# [WORK INSTRUCTION]
From the entries that follow, reproduce exactly and only the lines from the line with "The oceans need" to the line with "A closeup of", endpoints included.
Start of DATA FOR THIS EXERCISE
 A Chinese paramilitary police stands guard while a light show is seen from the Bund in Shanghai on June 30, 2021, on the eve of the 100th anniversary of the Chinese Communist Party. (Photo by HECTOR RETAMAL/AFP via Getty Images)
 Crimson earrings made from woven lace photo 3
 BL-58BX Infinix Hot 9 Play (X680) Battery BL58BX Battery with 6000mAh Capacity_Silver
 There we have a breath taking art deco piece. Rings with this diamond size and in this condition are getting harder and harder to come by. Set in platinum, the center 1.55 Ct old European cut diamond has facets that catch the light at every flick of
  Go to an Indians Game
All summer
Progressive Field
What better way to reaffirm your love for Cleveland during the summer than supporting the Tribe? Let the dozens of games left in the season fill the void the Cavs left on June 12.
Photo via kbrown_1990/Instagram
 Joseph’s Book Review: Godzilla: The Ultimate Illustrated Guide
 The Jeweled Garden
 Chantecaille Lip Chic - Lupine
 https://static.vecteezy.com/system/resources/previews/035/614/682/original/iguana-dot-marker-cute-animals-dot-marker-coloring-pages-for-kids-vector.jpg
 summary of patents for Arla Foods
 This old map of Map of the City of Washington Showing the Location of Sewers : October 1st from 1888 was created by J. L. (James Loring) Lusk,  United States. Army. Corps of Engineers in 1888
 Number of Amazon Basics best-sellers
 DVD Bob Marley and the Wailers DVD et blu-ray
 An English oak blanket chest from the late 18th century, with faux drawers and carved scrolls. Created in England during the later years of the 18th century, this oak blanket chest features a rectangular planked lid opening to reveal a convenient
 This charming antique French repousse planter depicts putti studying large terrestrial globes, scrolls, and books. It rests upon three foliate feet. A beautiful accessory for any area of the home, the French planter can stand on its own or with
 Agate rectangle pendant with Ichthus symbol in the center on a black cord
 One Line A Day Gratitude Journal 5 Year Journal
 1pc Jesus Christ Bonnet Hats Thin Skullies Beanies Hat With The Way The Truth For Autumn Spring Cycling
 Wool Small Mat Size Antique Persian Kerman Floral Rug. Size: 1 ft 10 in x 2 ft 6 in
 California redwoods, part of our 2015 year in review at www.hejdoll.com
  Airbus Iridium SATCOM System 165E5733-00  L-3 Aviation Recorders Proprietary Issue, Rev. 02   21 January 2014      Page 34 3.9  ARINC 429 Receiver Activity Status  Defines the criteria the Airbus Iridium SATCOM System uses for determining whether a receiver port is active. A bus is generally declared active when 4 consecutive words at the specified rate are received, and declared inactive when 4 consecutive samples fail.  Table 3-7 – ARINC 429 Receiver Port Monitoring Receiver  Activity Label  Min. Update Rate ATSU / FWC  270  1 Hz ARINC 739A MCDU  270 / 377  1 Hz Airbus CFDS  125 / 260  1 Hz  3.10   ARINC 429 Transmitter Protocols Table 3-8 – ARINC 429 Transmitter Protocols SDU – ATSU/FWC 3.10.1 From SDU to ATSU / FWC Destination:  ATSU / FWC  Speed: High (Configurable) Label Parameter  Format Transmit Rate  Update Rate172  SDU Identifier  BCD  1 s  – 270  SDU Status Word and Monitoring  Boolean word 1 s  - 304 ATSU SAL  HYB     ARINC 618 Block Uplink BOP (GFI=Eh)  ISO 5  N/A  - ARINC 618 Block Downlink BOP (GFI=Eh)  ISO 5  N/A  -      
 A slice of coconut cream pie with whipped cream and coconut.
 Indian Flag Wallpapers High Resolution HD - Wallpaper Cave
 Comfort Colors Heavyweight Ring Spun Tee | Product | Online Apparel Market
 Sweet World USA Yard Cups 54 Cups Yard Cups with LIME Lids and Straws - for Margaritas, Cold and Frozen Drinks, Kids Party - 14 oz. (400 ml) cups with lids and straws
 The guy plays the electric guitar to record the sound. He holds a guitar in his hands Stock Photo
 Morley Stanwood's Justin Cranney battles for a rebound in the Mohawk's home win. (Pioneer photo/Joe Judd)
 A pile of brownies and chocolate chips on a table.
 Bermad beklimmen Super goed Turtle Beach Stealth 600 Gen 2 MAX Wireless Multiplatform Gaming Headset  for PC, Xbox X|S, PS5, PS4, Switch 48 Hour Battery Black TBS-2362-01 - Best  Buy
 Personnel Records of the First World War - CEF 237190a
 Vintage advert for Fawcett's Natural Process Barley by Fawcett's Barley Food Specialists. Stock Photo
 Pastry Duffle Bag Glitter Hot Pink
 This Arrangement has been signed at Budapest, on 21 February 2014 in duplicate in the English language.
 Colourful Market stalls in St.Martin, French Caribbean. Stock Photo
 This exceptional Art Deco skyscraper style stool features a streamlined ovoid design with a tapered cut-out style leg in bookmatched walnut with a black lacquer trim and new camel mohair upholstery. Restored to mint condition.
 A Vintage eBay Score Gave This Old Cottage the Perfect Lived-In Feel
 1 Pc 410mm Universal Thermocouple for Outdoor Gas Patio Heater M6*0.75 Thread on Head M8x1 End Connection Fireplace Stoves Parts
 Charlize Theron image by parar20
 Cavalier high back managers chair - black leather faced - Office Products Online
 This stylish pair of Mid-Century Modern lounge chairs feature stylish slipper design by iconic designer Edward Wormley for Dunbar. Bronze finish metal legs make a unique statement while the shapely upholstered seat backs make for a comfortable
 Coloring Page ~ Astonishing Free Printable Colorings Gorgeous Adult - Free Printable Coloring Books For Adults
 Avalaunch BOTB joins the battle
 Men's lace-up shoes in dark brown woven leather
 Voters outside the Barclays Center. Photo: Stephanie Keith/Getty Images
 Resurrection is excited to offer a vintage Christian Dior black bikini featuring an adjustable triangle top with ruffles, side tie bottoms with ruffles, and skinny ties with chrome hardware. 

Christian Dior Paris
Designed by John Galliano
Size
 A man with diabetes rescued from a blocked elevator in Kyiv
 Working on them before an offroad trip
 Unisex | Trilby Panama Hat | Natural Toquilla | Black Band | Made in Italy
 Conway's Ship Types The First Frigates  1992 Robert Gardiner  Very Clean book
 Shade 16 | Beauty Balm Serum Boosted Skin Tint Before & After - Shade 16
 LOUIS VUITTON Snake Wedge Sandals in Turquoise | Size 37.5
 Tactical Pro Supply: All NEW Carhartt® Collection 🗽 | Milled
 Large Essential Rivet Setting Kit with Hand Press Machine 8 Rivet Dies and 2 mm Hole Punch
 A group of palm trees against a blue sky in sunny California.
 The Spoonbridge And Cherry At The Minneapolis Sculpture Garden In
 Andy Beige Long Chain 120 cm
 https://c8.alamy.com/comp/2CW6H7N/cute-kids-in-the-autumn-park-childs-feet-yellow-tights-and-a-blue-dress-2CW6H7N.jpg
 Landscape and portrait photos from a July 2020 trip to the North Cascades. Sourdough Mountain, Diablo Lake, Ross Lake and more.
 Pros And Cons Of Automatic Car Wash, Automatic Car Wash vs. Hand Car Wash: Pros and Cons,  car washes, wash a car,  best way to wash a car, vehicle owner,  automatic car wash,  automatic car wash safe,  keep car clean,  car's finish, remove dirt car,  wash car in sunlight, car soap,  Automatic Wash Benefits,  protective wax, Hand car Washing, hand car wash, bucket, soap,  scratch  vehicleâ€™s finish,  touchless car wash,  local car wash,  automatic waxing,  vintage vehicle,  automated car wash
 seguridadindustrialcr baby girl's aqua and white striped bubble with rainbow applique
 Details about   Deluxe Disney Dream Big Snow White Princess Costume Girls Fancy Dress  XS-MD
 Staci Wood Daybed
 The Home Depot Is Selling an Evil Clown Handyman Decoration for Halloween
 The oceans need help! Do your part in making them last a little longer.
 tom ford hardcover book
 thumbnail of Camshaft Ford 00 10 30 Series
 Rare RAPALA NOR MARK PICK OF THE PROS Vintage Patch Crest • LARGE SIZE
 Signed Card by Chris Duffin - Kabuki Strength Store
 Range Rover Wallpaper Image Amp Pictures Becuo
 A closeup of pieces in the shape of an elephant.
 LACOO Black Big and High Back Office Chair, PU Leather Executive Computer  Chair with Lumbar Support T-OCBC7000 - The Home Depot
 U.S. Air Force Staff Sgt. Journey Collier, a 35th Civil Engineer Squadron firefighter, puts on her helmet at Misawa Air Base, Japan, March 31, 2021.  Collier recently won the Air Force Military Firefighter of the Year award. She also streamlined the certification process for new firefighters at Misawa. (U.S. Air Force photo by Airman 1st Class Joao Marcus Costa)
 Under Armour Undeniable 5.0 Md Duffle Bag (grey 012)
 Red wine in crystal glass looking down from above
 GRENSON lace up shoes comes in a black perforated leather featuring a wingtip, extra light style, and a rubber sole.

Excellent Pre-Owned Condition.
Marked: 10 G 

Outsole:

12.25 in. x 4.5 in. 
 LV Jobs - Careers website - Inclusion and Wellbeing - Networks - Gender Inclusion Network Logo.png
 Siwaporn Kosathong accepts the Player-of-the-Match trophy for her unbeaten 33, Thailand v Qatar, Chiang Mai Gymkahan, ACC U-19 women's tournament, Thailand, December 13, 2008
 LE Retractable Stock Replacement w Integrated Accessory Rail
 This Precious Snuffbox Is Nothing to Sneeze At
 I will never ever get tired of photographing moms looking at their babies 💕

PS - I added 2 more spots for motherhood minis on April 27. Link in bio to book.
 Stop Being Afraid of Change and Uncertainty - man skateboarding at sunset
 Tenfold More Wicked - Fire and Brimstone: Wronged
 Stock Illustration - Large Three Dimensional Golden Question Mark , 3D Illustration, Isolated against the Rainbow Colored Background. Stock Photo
End of DATA FOR THIS EXERCISE
# [SOLUTION TO THIS PROBLEM]
 The oceans need help! Do your part in making them last a little longer.
 tom ford hardcover book
 thumbnail of Camshaft Ford 00 10 30 Series
 Rare RAPALA NOR MARK PICK OF THE PROS Vintage Patch Crest • LARGE SIZE
 Signed Card by Chris Duffin - Kabuki Strength Store
 Range Rover Wallpaper Image Amp Pictures Becuo
 A closeup of pieces in the shape of an elephant.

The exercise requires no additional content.